*** AVAILABLE DATA Section Begins ***

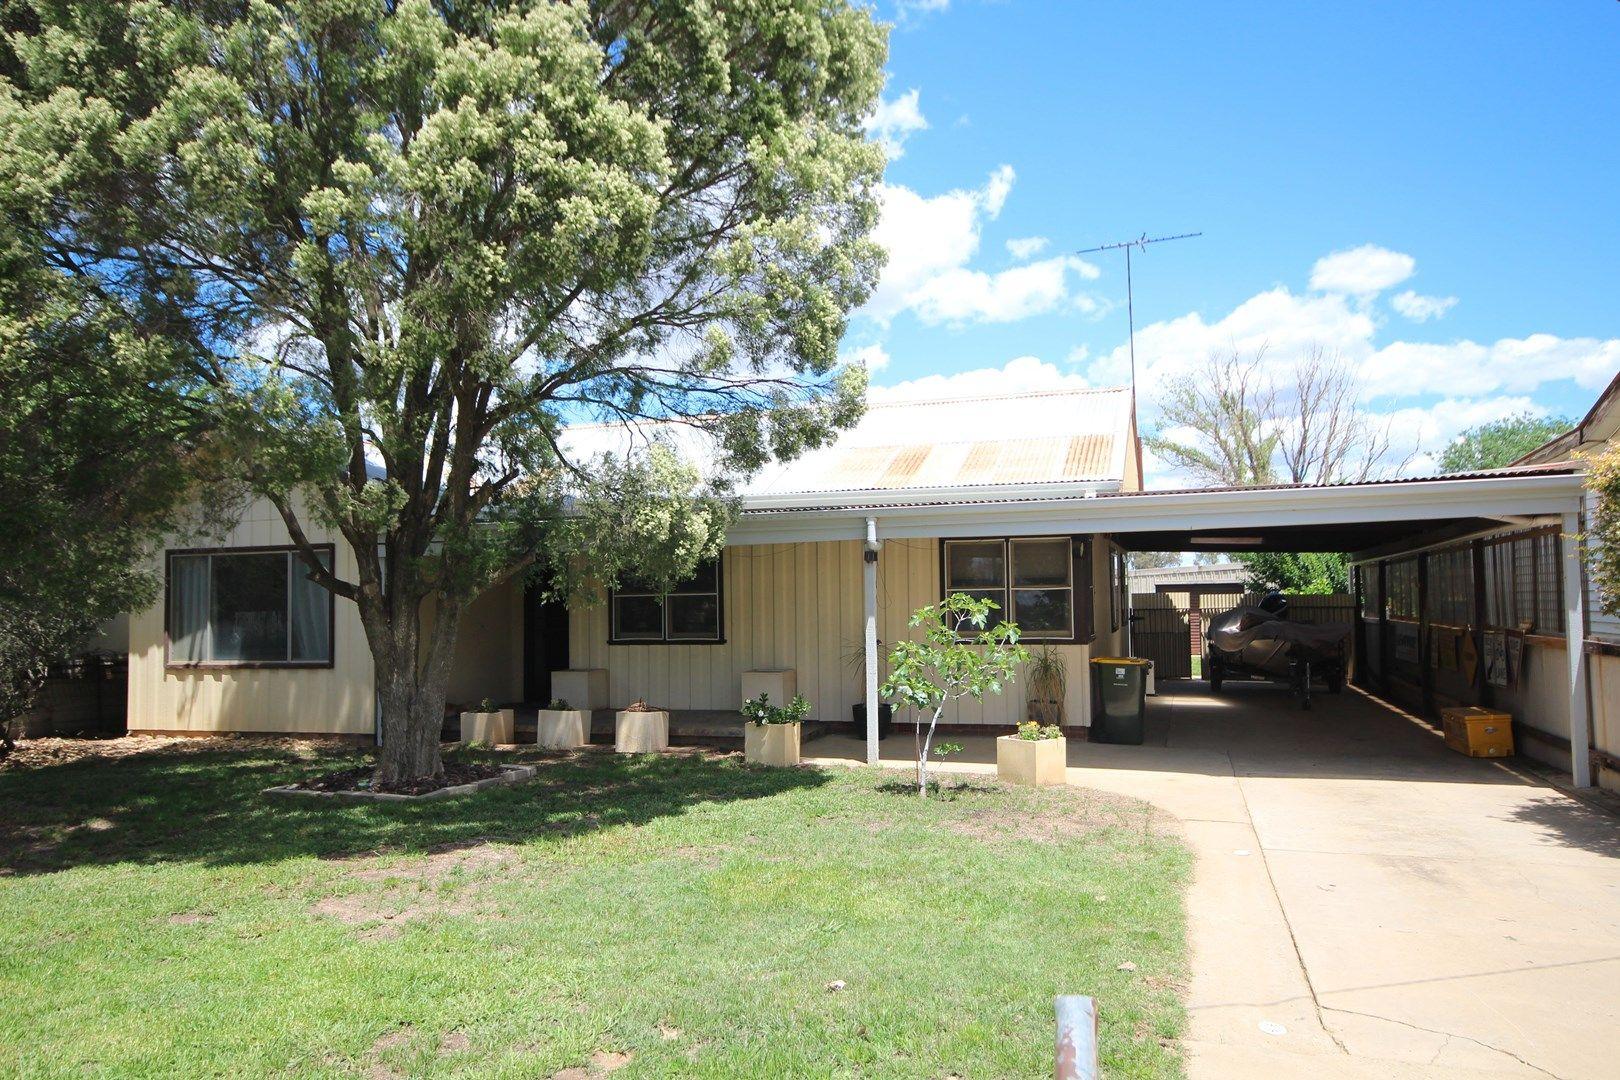 3913 Sturt Highway, Gumly Gumly NSW 2652, Image 0
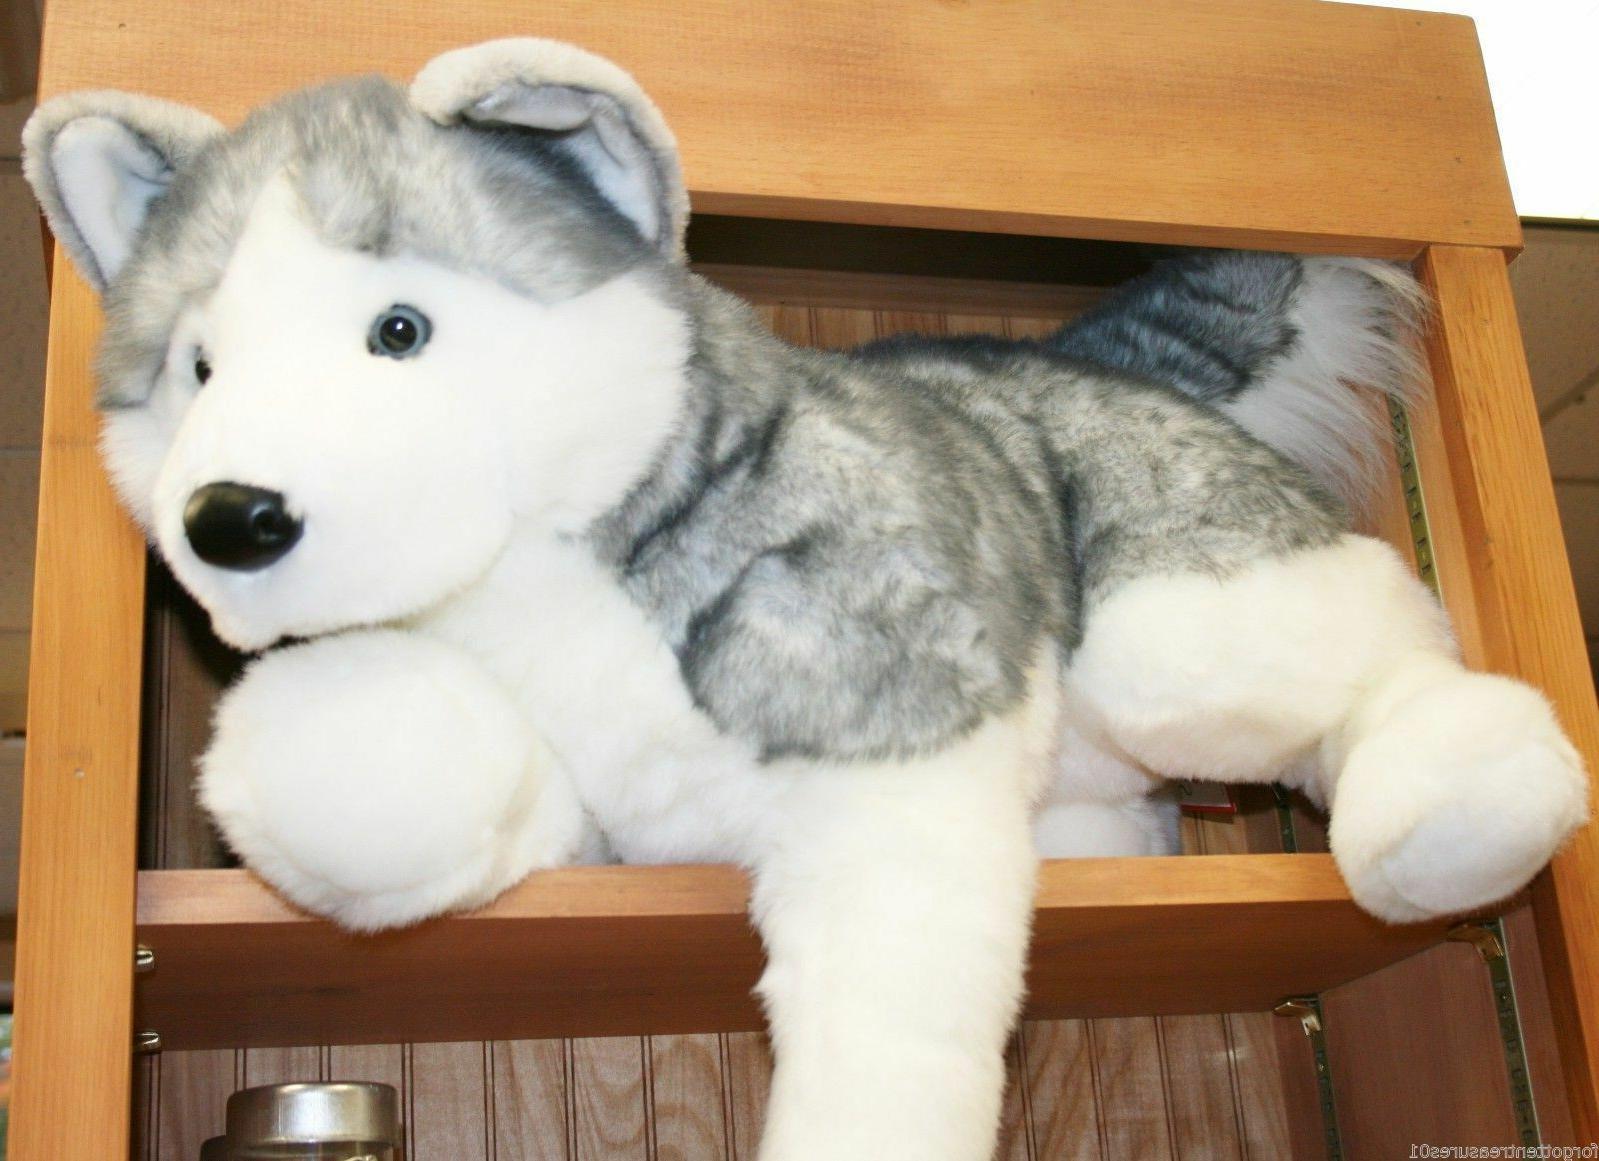 "BARKER plush 30"" LARGE HUSKY stuffed animal DOG by Douglas l"
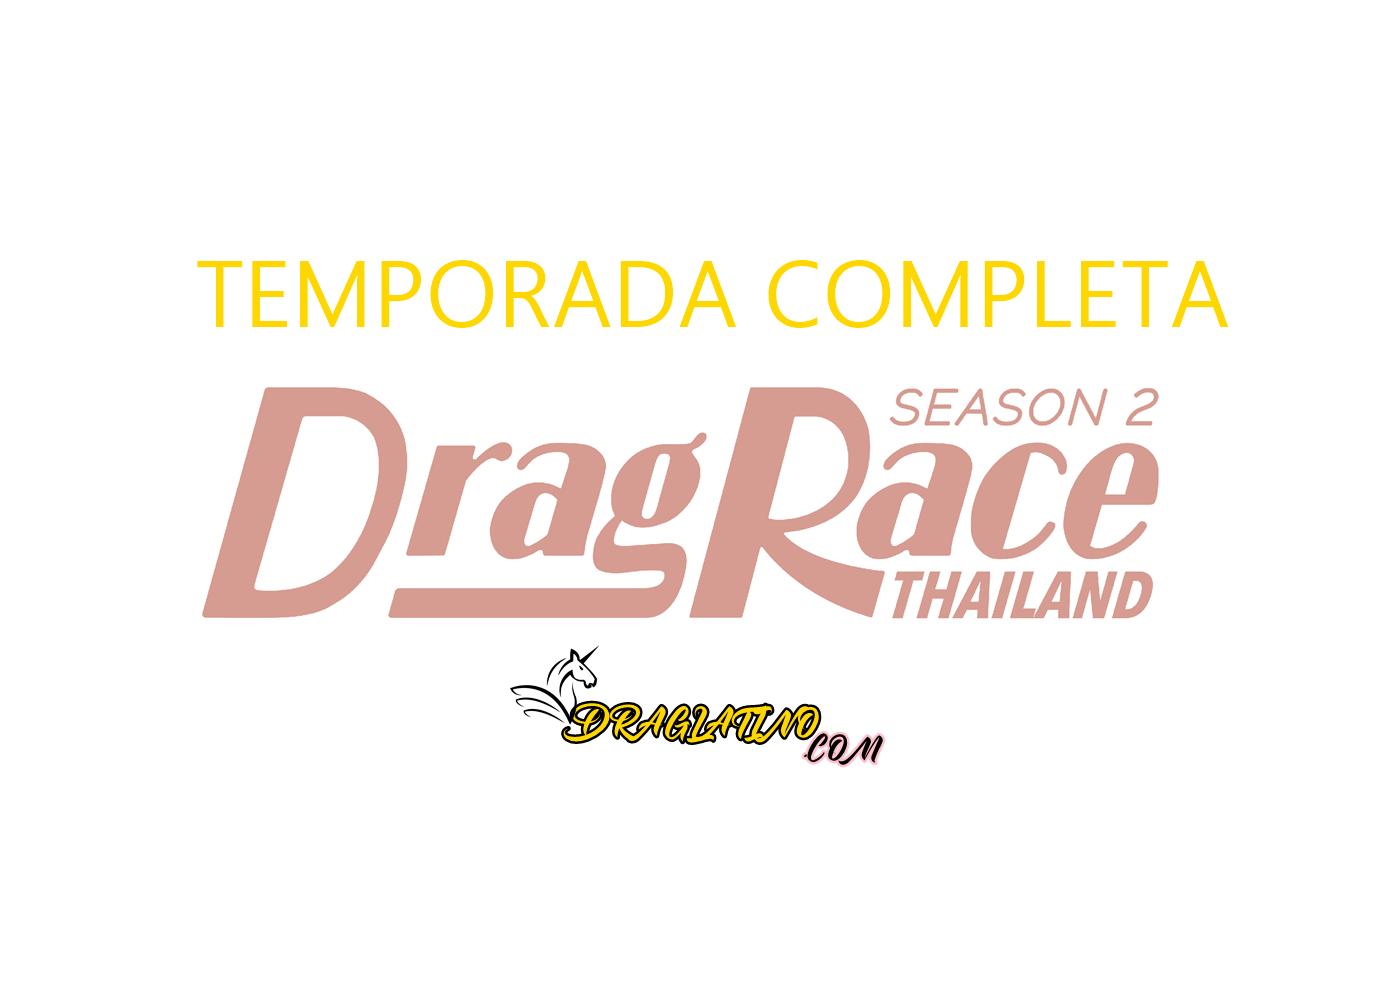 DRAG RACE THAILAND 2 ESPAÑOL TEMPORADA COMPLETA
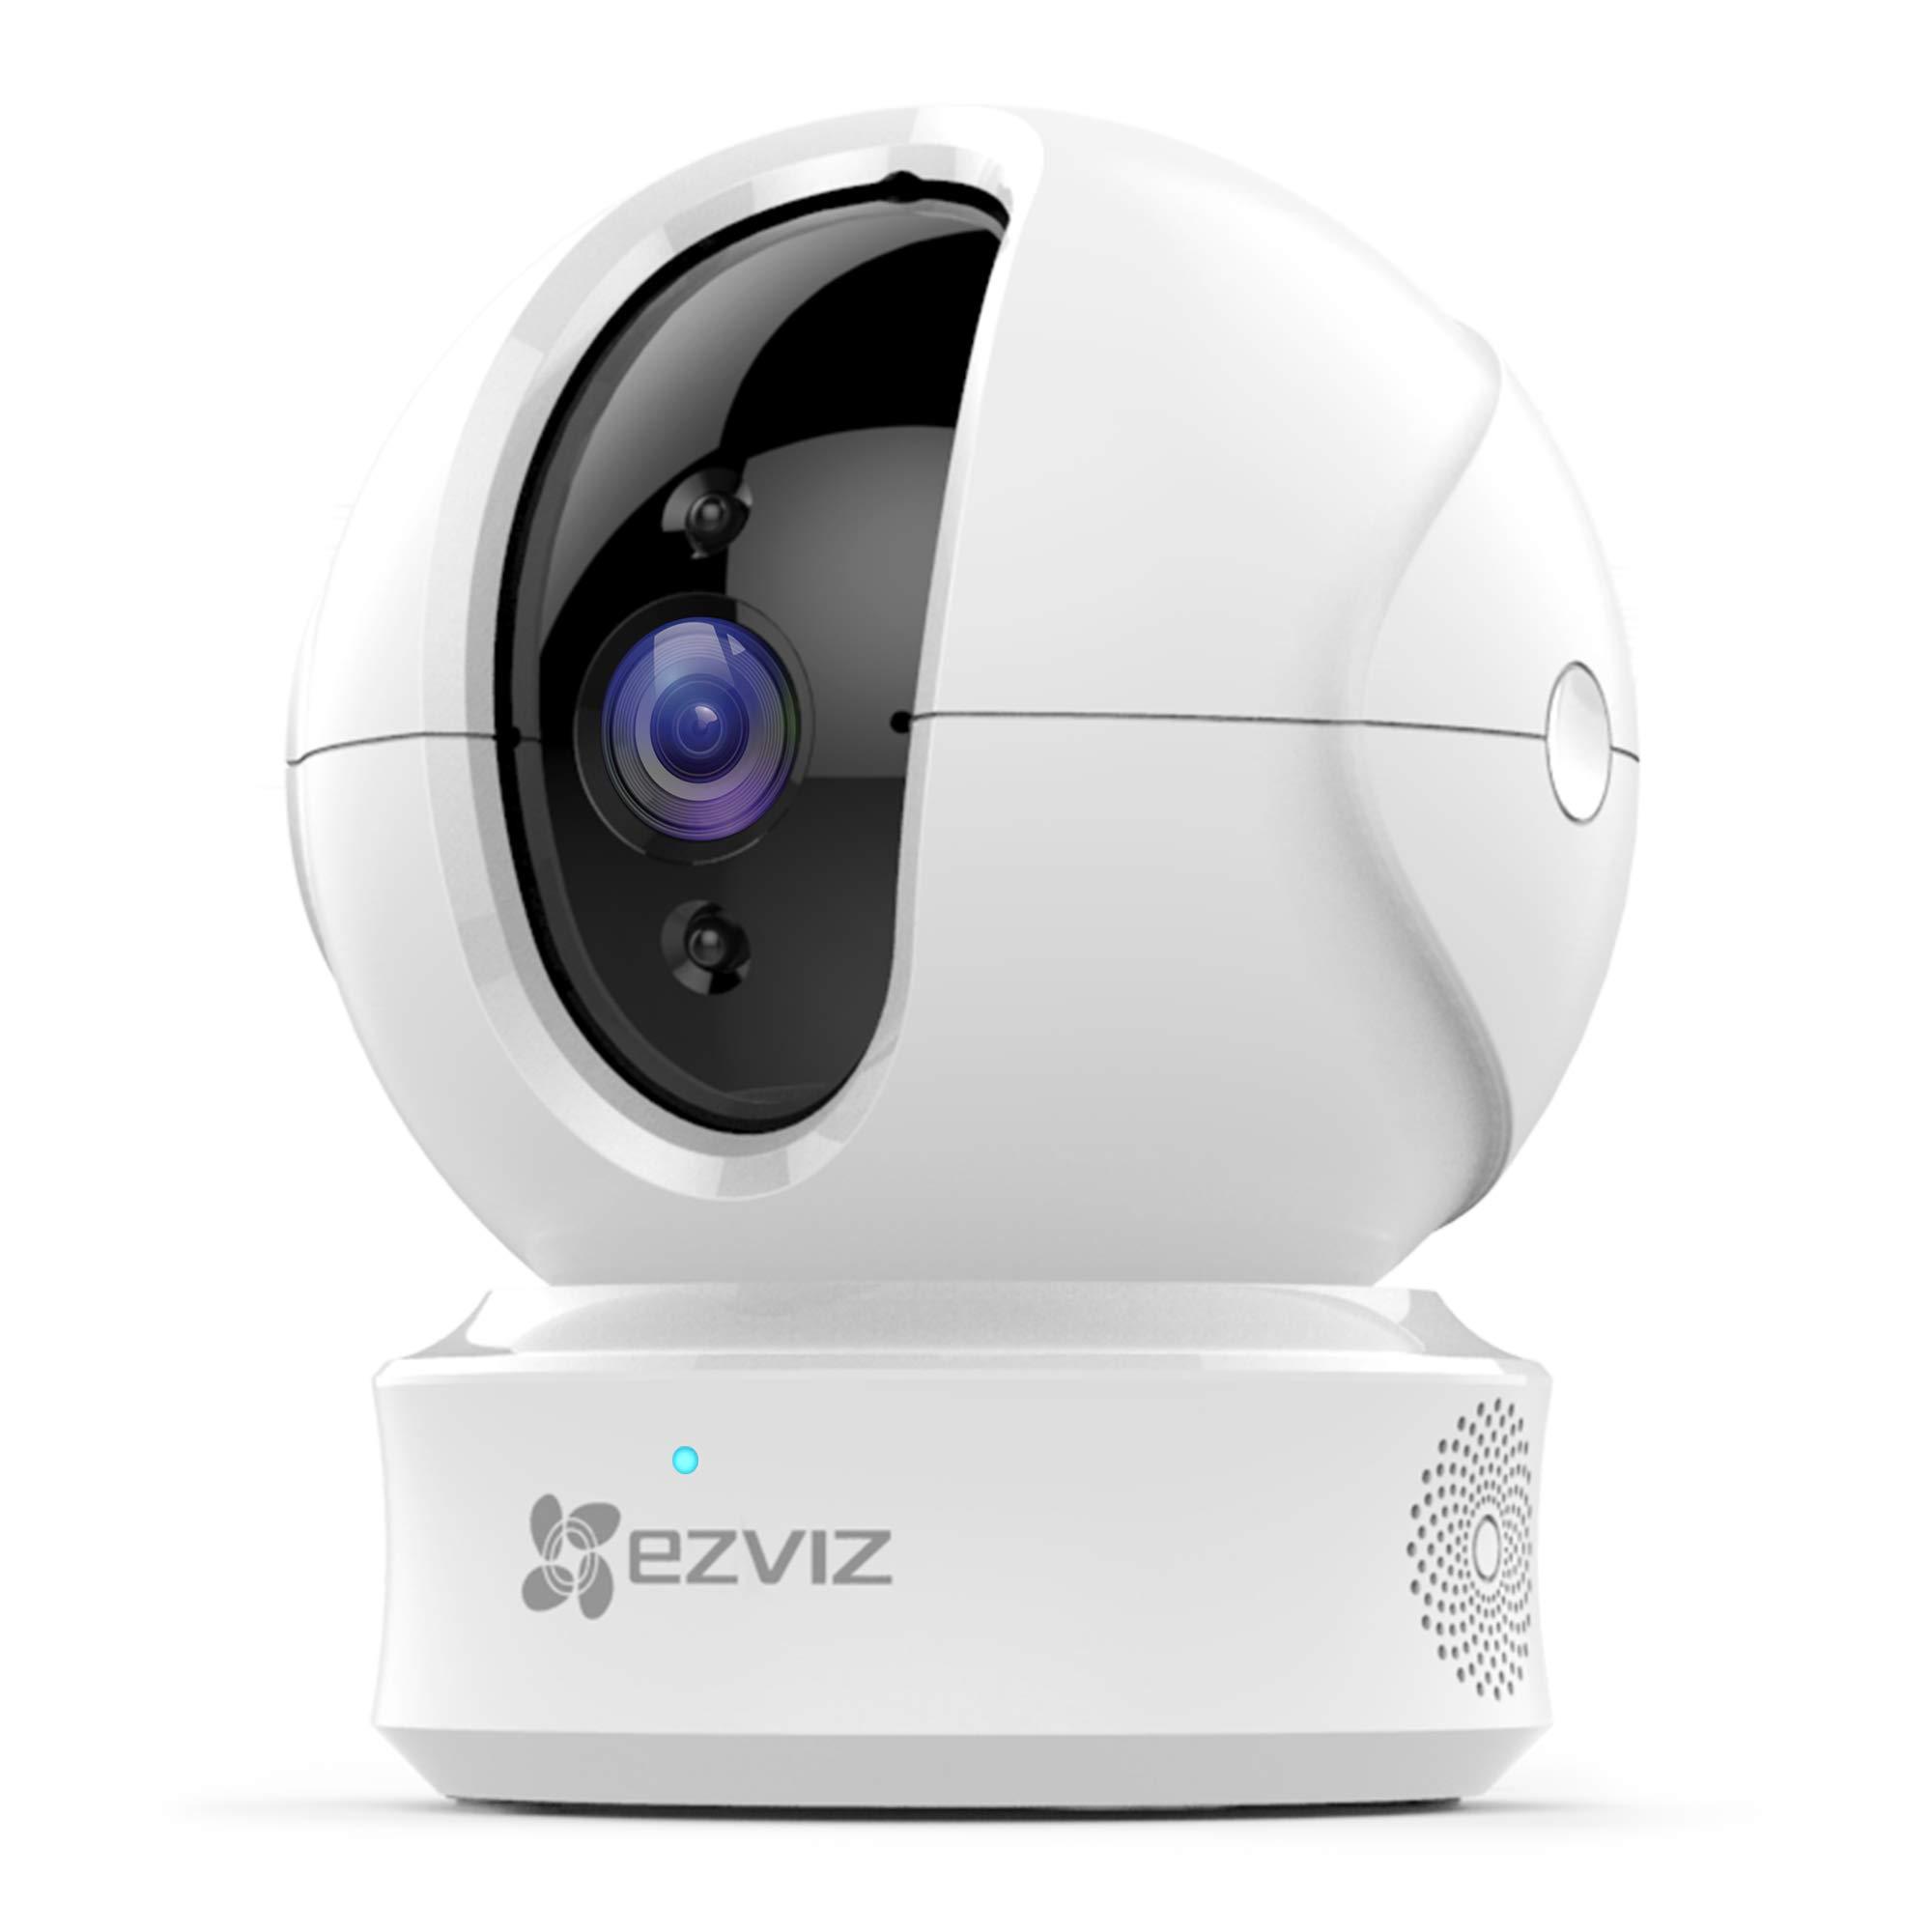 EZVIZ C6T Motorized Internal Wi-Fi Camera, White - Buy Online in KSA

*** AVAILABLE DATA Section Ends ***

### PROMPT:
Wherever a picture appears in the material above, skip it and copy the rest without change.

### EXERCISE RESULT:
 3913 Sturt Highway, Gumly Gumly NSW 2652, Image 0
 "BARKER plush 30"" LARGE HUSKY stuffed animal DOG by Douglas l"
 DRAG RACE THAILAND 2 ESPAÑOL TEMPORADA COMPLETA
 EZVIZ C6T Motorized Internal Wi-Fi Camera, White - Buy Online in KSA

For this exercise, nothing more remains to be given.